The program’s incentives and requirements vary, but one recent advertisement offers a taste of what young scientists can expect. The ad, from Jinan University in Guangzhou, a city in southeast China, seeks to recruit scientists under age 40 who’ve already been accepted as Thousand Talents or who would be good candidates to apply. The conditions: You must hold a doctoral degree. You must have worked or conducted research overseas for at least three years. And you must already have a permanent teaching or research job at a prestigious institution outside of China.

If they get the job, the researchers will get tens of thousands of dollars in salary, research funding, and subsidies from the Chinese central and provincial governments. They’ll also get support for recruiting PhD students and research assistants. There are personal benefits, too: The ad promises a housing allowance and help with children’s education costs.

The program has undergone changes over the years, in apparent response to its limitations. Academics with tenured positions in the United States were particularly reluctant to come back to China full time, so the program was changed several years in to allow them to come back to China for a few months of the year, in exchange for fewer perks.

And, more recently, China has begun targeting foreign-born talent, as well. Ben Shobert, a senior associate at the National Bureau of Asian Research who studies China’s high-technology sector, said he’s seen a shift from an effort to build Thousand Talents “in a way that’s attractive to the sea turtles to now saying, ‘Is there a permutation of this program that’s attractive to foreign biotech academics?’ ’’

Ironically, Thousand Talents can sometimes be an afterthought in comparison with other factors that are making China increasingly desirable. In his conversations with sea turtles who had chosen to return to China, Shobert said, they would first mention seeing “much more opportunity to take my IP [intellectual property] and scale it in China than I saw in Western markets,’’ and that “it was time to go back home.’’

Despite the program’s limitations, it’s been successful enough to spark some concern that US universities and companies may be losing valuable talent.

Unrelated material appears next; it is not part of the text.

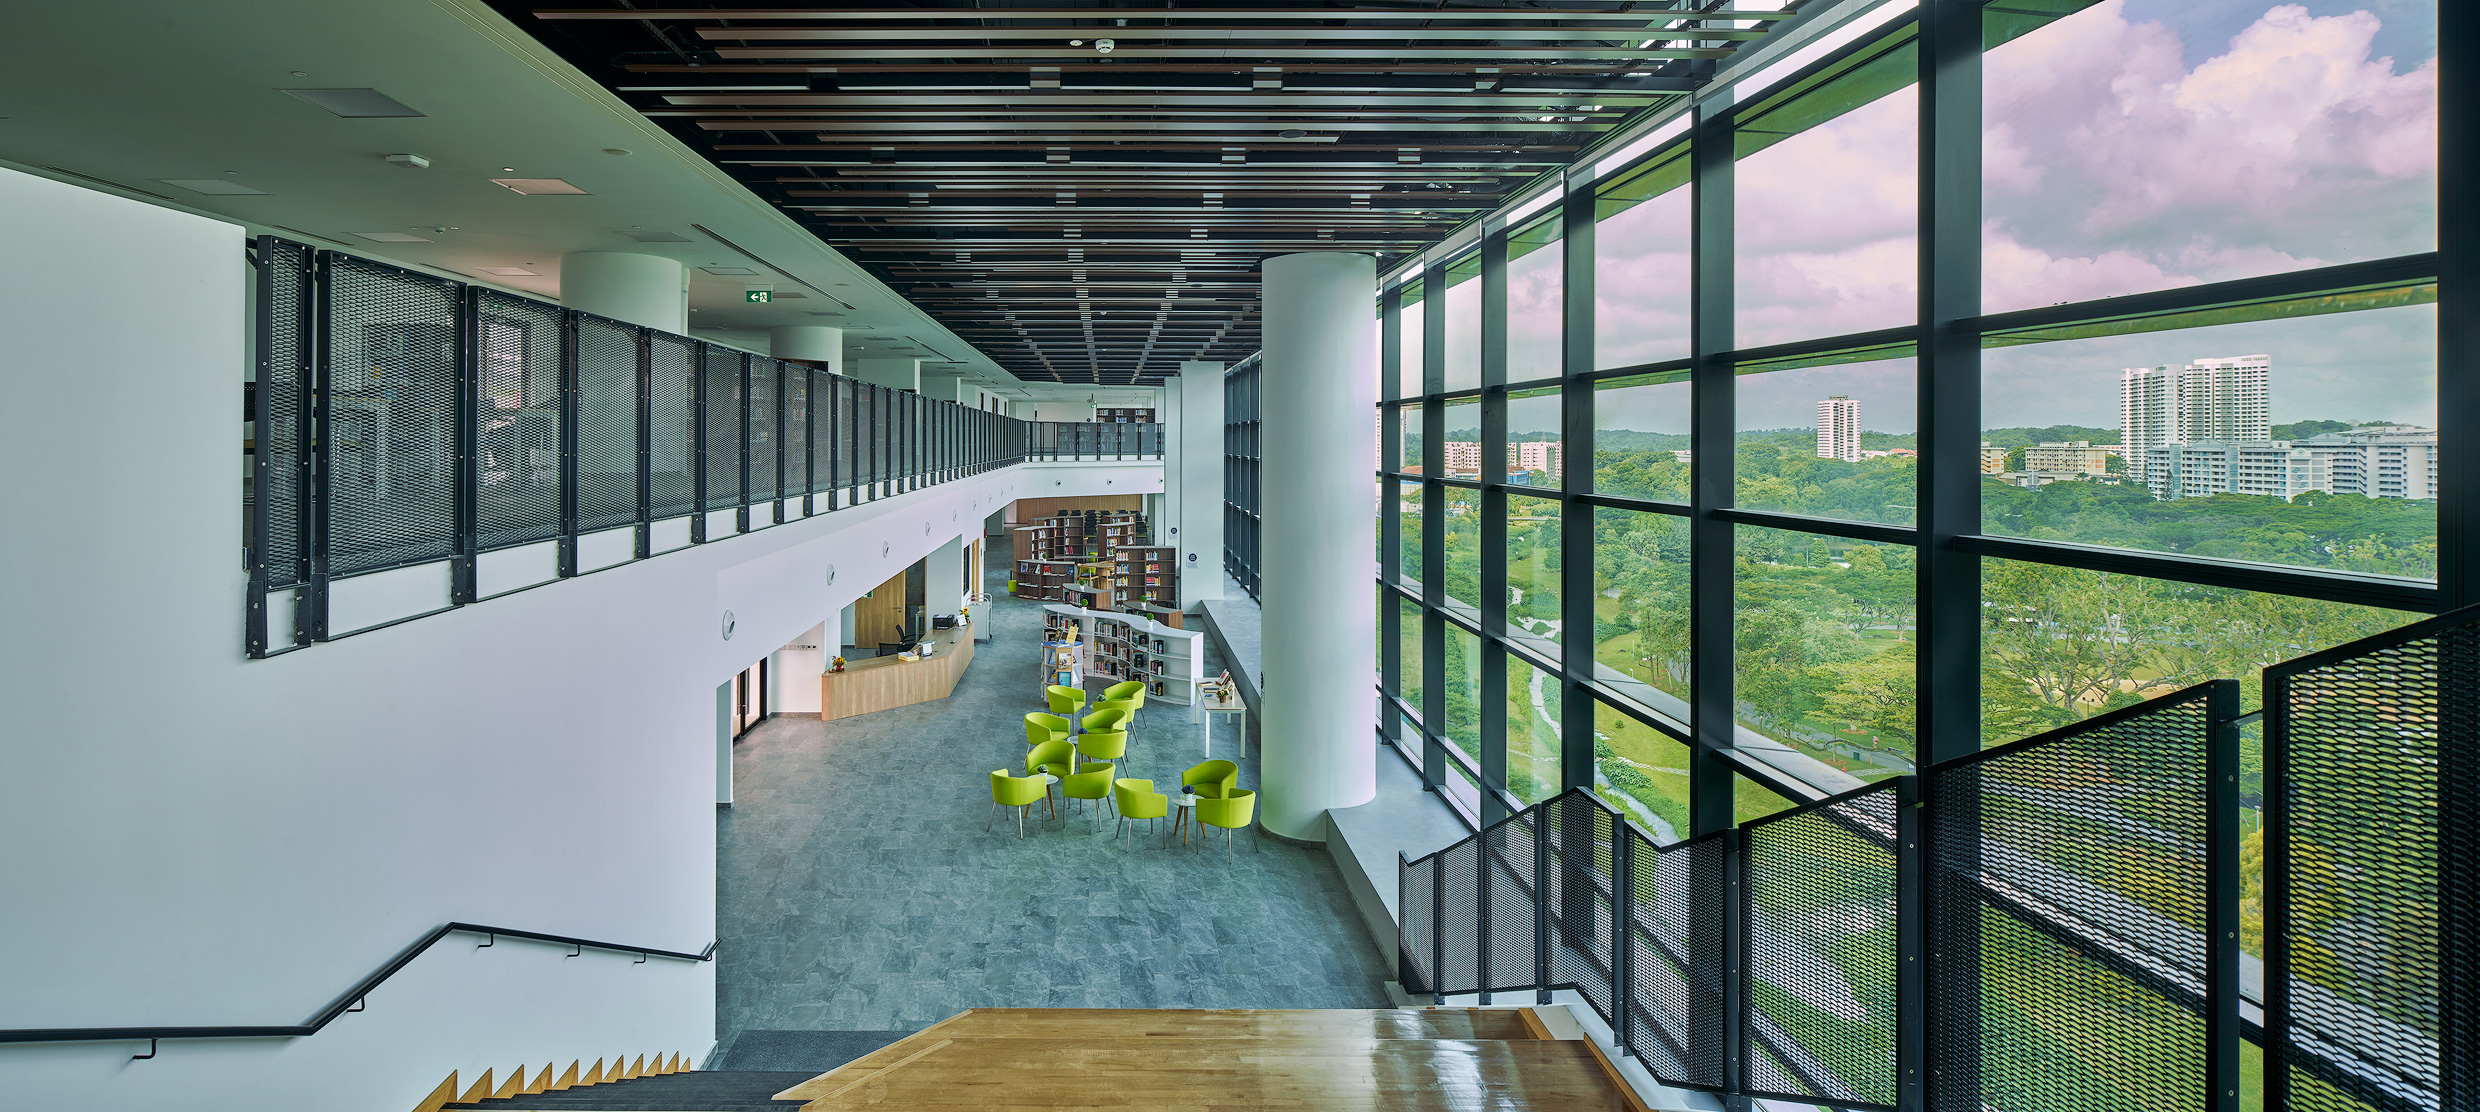 The tranquillity of EJC’s library enhanced by external landscape

The issue came up at a hearing of the US-China Economic and Security Review Commission last year, when commissioner Michael Wessel said he thought Thousand Talents had been overlooked “in terms of the . . . cherry-picking brain drain that’s going on.’’

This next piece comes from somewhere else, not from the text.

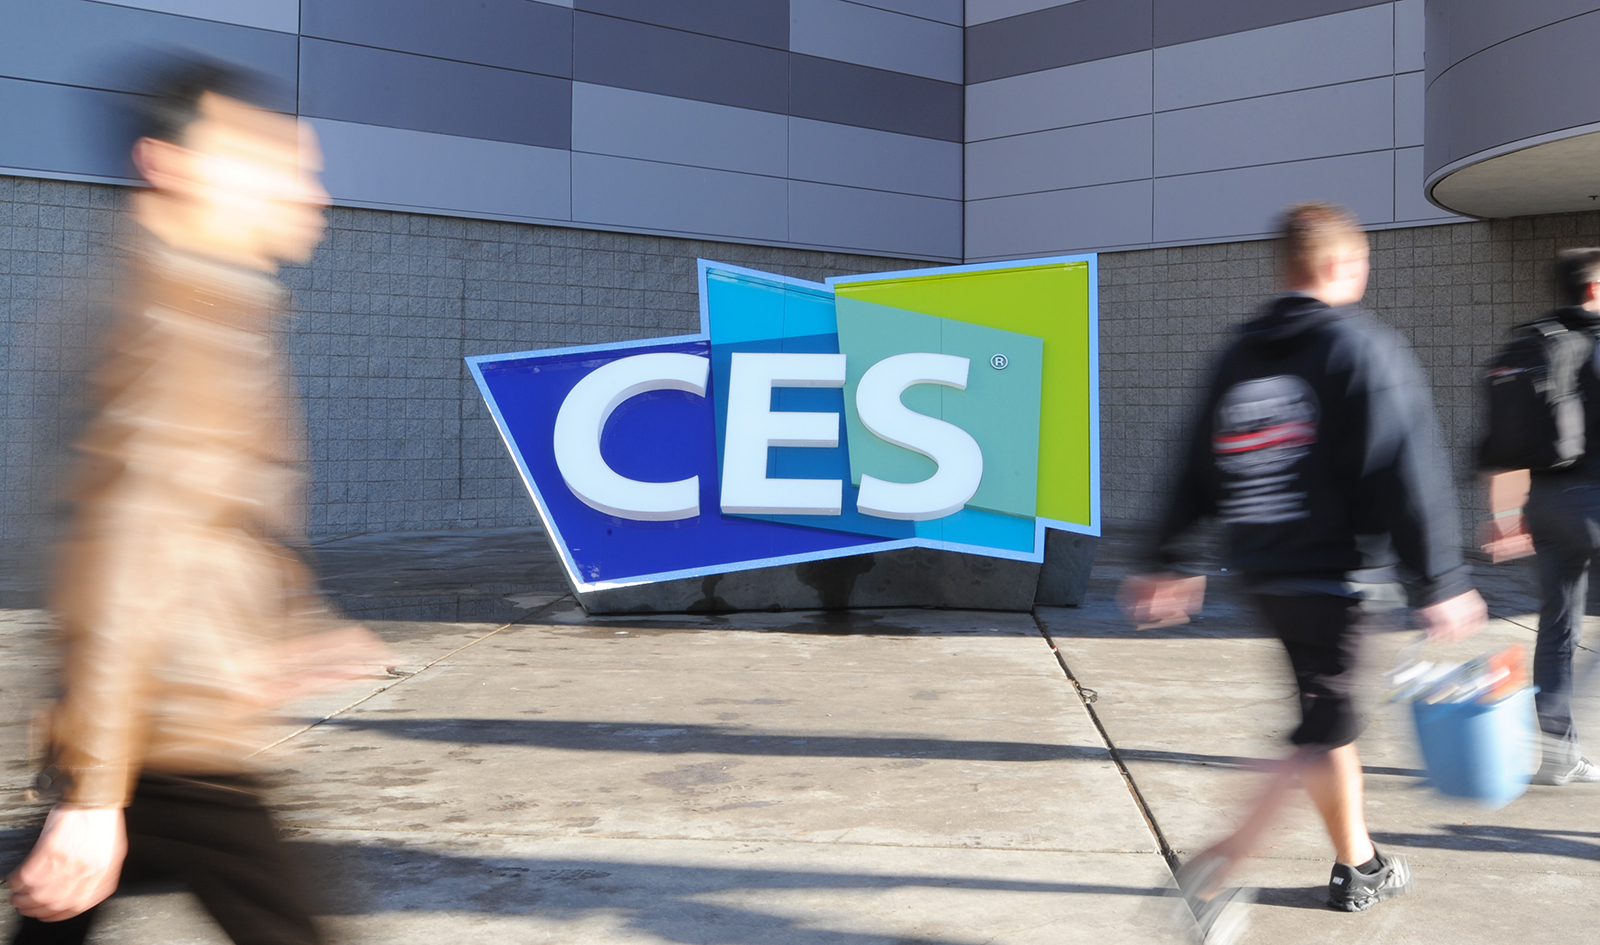 Meet the real people of CES

Hu, the Chinese-born biopharma executive in New York who has to date steered clear of Thousand Talents, is CEO of Avotres, a biotech company working in immunology to try to tackle autoimmune diseases and cancer. Avotres is based in New York for now, but Hu has big plans to open up offices and hire employees in China in the future. And as he makes plans to expand his business footprint in China, he said the timing might finally be right, in the next year or two, to apply to Thousand Talents.

“There’s a very good environment for people like myself to do business in China,’’ Hu said.